Transcribe the listing below verbatim, omitting pictures.

Data shown =>
- - -
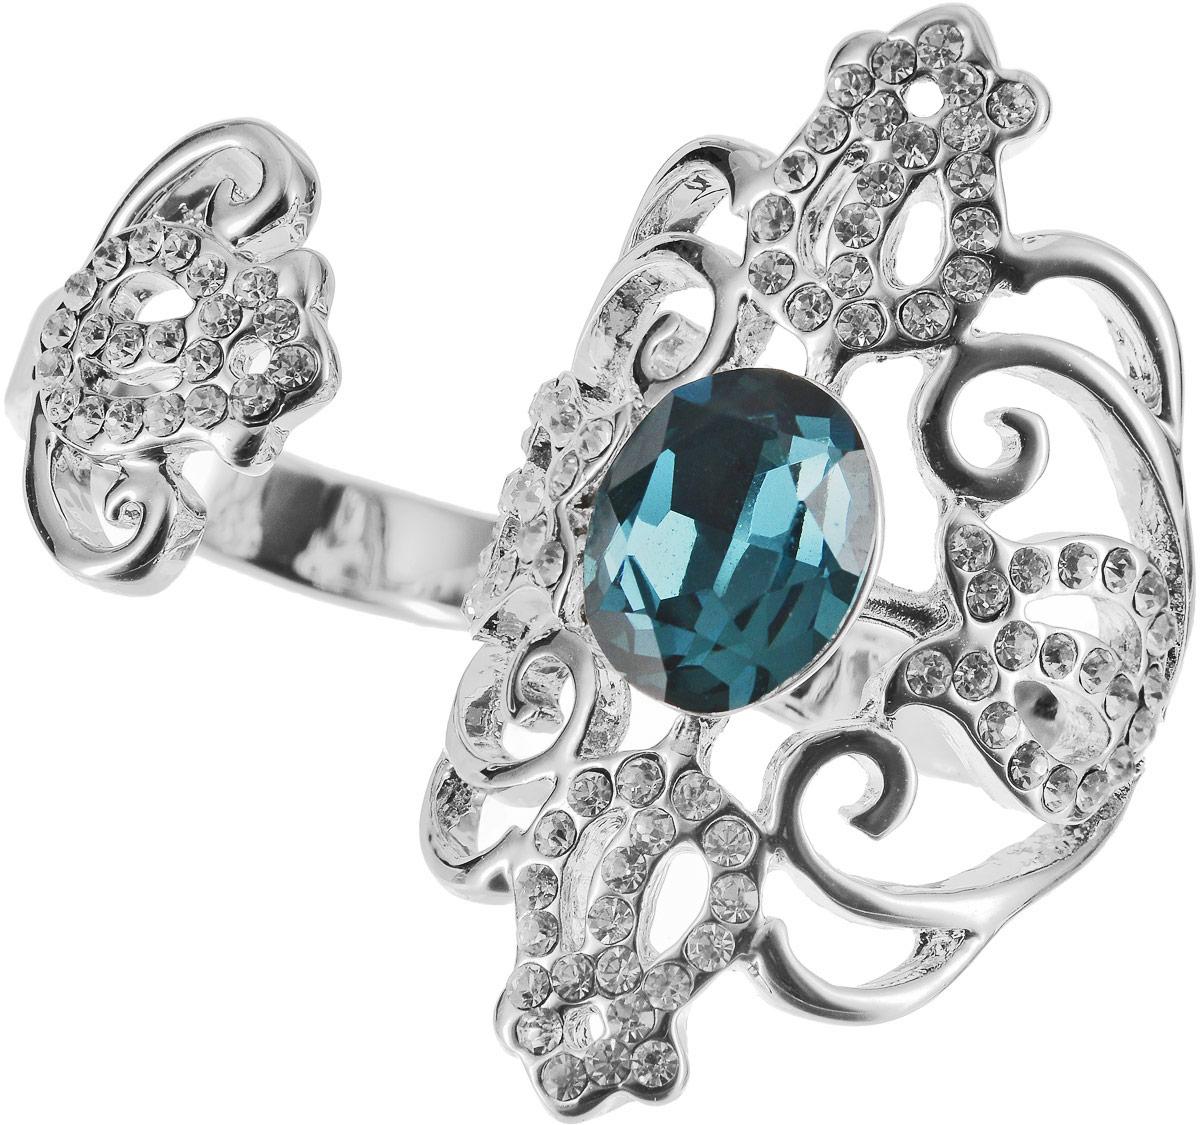 Кольцо на два пальца Art-Silver, цвет: серебряный, бирюзовый. 06816-1319. Размер 18 серьги art silver цвет серебряный 27958 577
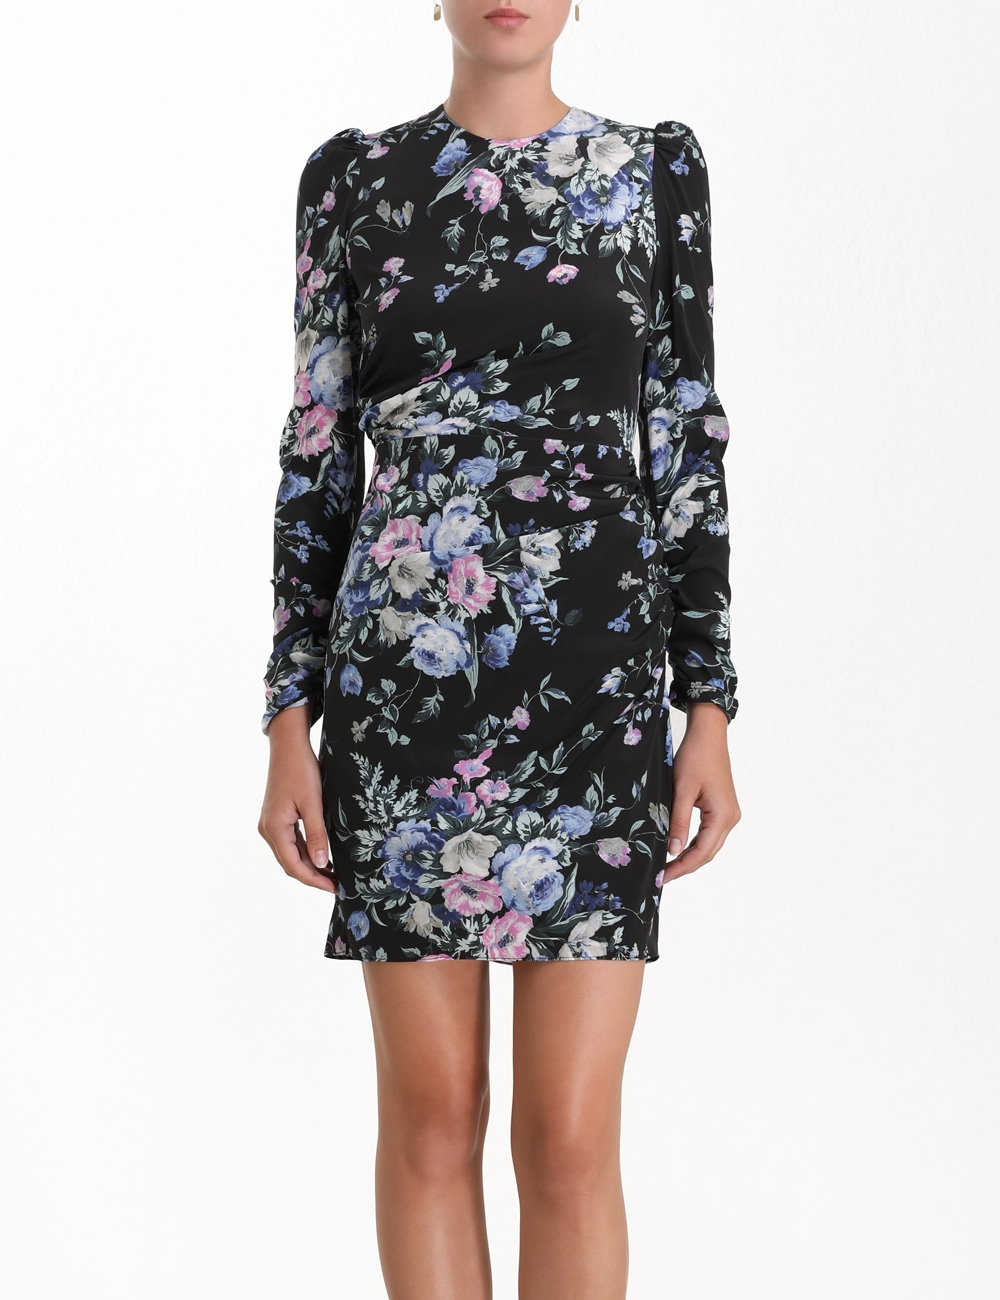 Moncur Drape Short Dress
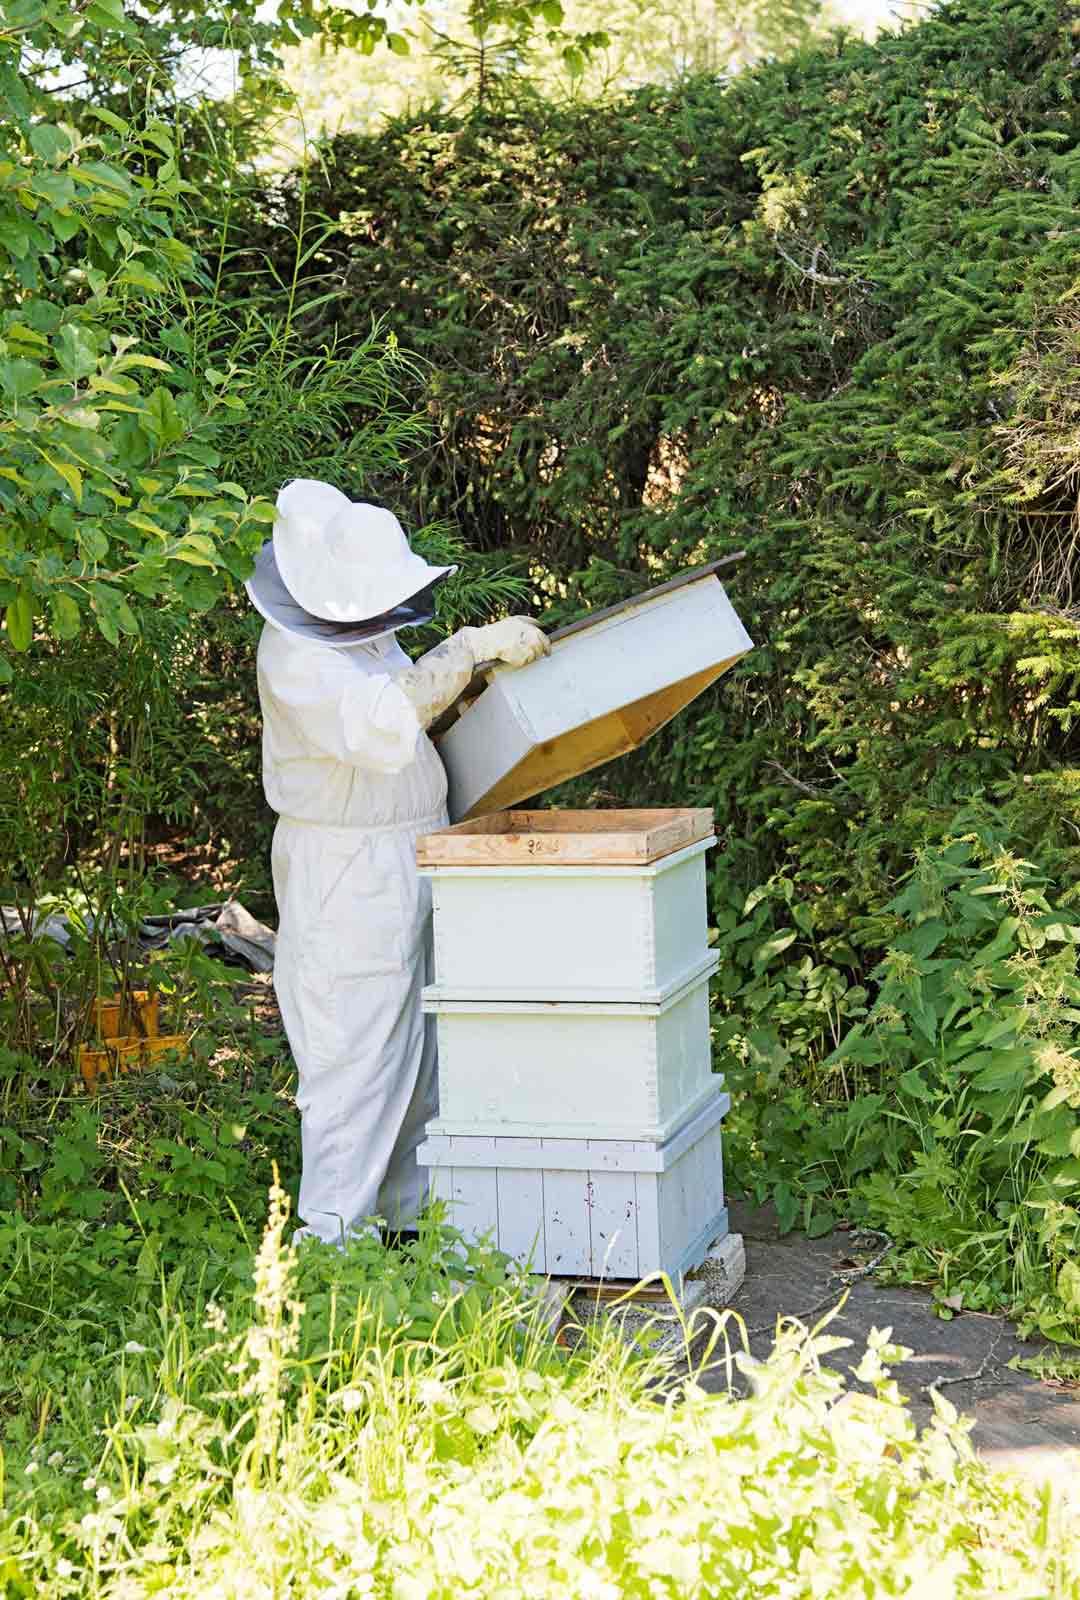 Mehiläisten kasvattaja tarvitsee oikeanlaiset suojavarusteet.
- - -
Response =>
 Кольцо на два пальца Art-Silver, цвет: серебряный, бирюзовый. 06816-1319. Размер 18 серьги art silver цвет серебряный 27958 577
 Moncur Drape Short Dress
 Mehiläisten kasvattaja tarvitsee oikeanlaiset suojavarusteet.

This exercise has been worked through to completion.